A ansiedade é um monstro de mil braços. Sem cabeça.
Ele vem subindo primeiro pelos meus pés, dando uma ligeira sensação de tremor nas bases.
Depois as mãos hábeis escalam pelas pernas. O passeio desses vários dedos provoca uma coceira irritante, invisível, que não me deixa sentar confortavelmente.
Quando as mãos atingem meus quadris, as reações nervosas são tão incômodas que as pernas começam a balançar sozinhas, para cima e para baixo, num movimento mecânico e cansativo. Dobro uma perna sobre a outra, mas o efeito não cessa.
Então os braços se apoderam do ventre, apertando impiedosamente, e não há intestino que sobreviva a esse ataque covarde. A barriga se contorce, reclamando de dor e de tensão. O estômago fica pequeno e quer jogar tudo para fora, de volta para onde tudo veio.
A invasão dos pulmões por esses braços autoritários é talvez a mais severa. A respiração fica pequena, infantil, insegura. O ar, que quer ser engolido pelas artérias, é rejeitado por esse monstro, que imprime na circulação uma respiração própria, alienígena. Tudo se altera. Os batimentos cardíacos, o ritmo do sangue, a odor da pele, o penteado dos cabelos, a cor dos lábios, o sorriso no rosto. Tudo se desfigura, para o tom roxo acinzentado deste ataque terrorista que, a partir daí, se torna irresistível, intransponível, intransigente.
A tomada dos meus braços é uma questão de segundos. De repente, acabam-se as coordenações motoras. Os músculos se entregam e respondem inconscientemente com nenhum contragolpe. Meus dedos tremem, ou batem inconsequentemente qualquer superfície em que esteja em contato.
O pescoço não oferece obstáculos. Em breve, os mil braços e os zilhões de dedos invadem o quartel-general do meu corpo, seu objetivo último.

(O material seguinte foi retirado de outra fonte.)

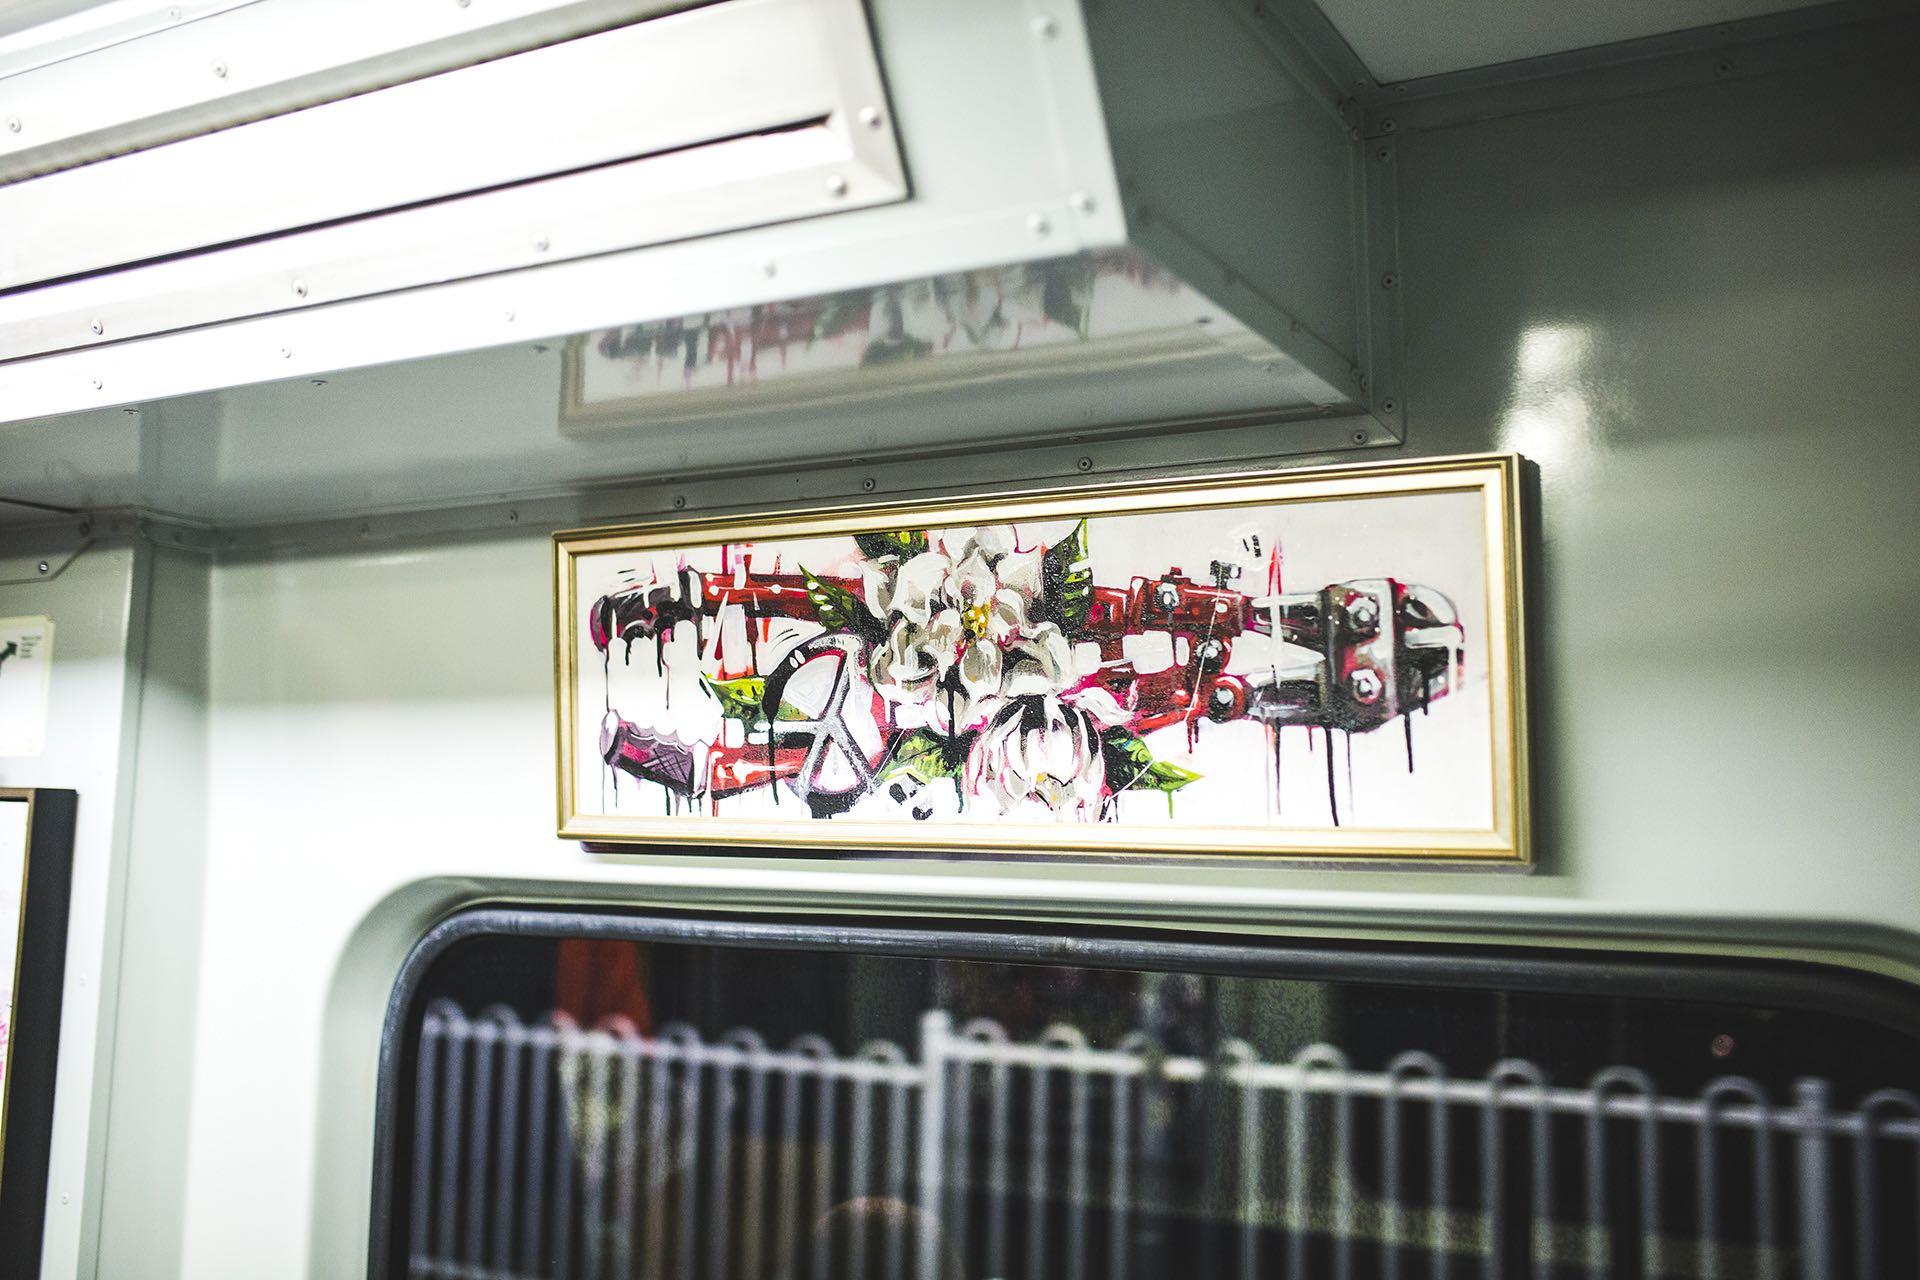 Australia_Graffiti_Scott_Marsh30.jpeg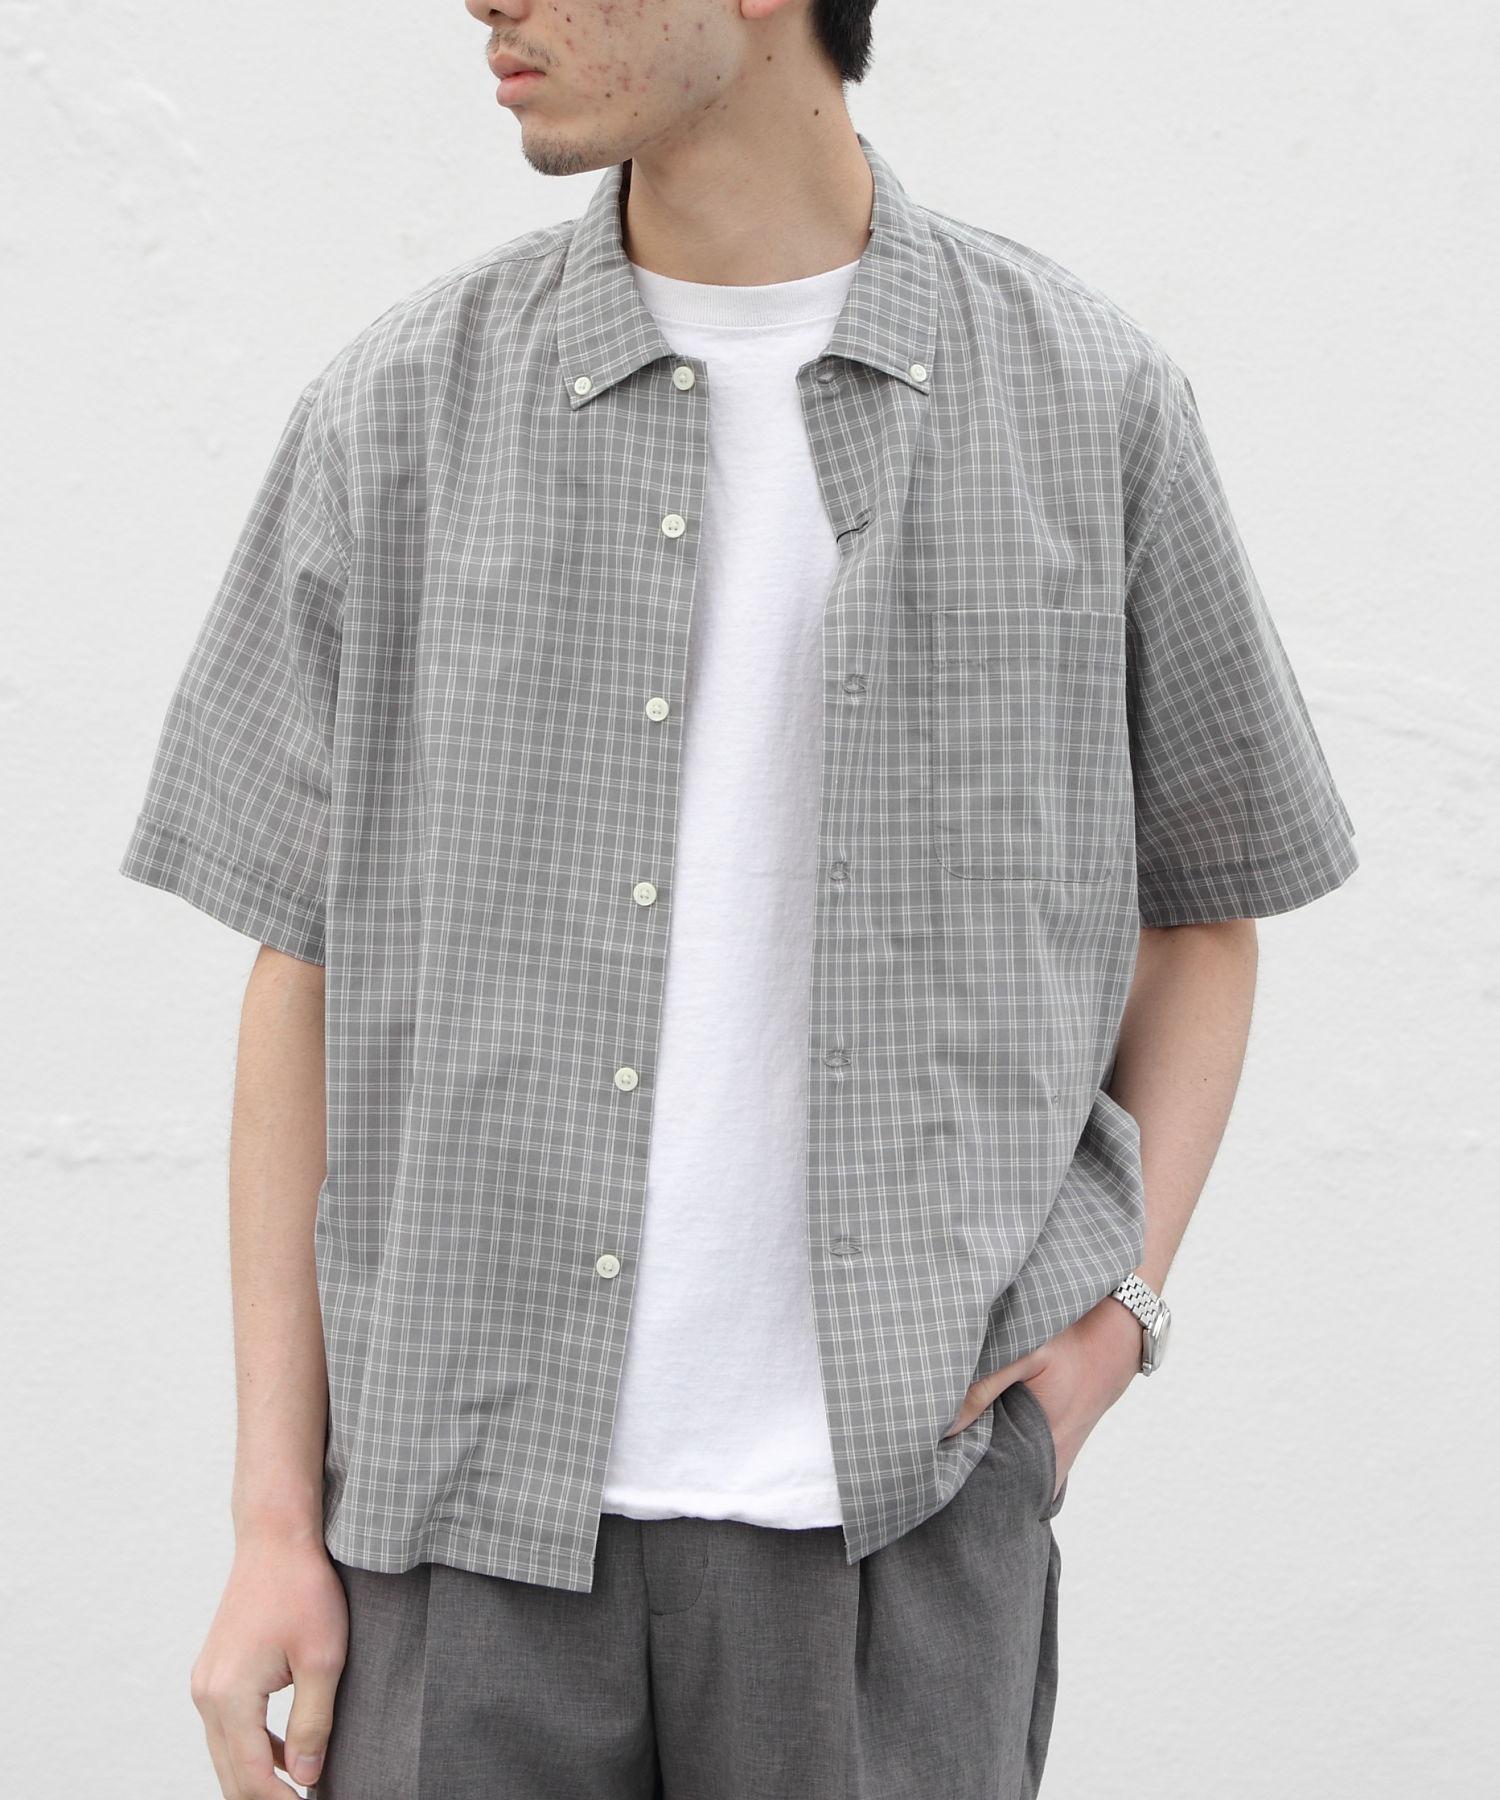 GYMPHLEX/ジムフレックス チェックシャツショートスリーブ T/C CHECK S/S J-3811

Esse monstro deseja minha cabeça porque é um parasita, e urge pelos meus neurônios, pela minha sanidade, pelo meu bom senso. Deseja instalar em mim uma nova ordem, contrária ao fluxo das coisas. Quer me deixar insensata, entorpecida, intratável, impossível.
Não há sutileza nesse processo. Ele se alimenta da minha inconsciência, dos medos reprimidos, da baixa auto-estima, e os amplifica.
O cérebro é, no entanto, um órgão guerreiro, e resiste ao máximo a essa exploração infame. Quando o resto do corpo já se entregou sem luta, ele cria um movimento de resistência, não aceita que seu reino seja assim revertido de forma apócrifa. Empacota mensagens subliminares, sutis, sua única forma de ação, e envia-as pelo frágil pulso resiliente dos neurônios. Ele diz: o melhor remédio é a calma.
Calma, calma, calma, o cérebro repete. E o corpo, em transe, desesperado, totalmente ocupado. A cabeça dói, grita, parece que vai arrebentar. Mas a tortura do monstro não vai permitir que eu me rompa. Provoca, ao contrário, rompantes. Violência sai de minhas palavras, de meus atos.
Ah, insensatez!
Ah, impotência!
Não é o primeiro ataque que sofro, mas parece todo novo. Pega-me de surpresa, nos momentos em que eu esqueço que ele existe, no momento em que os desafios abrem a guarda. Oportunista que só ele, esse monstro não bate à porta, mas acha que foi convidado.
A ansiedade é um monstro de mil braços. E tomou minha cabeça.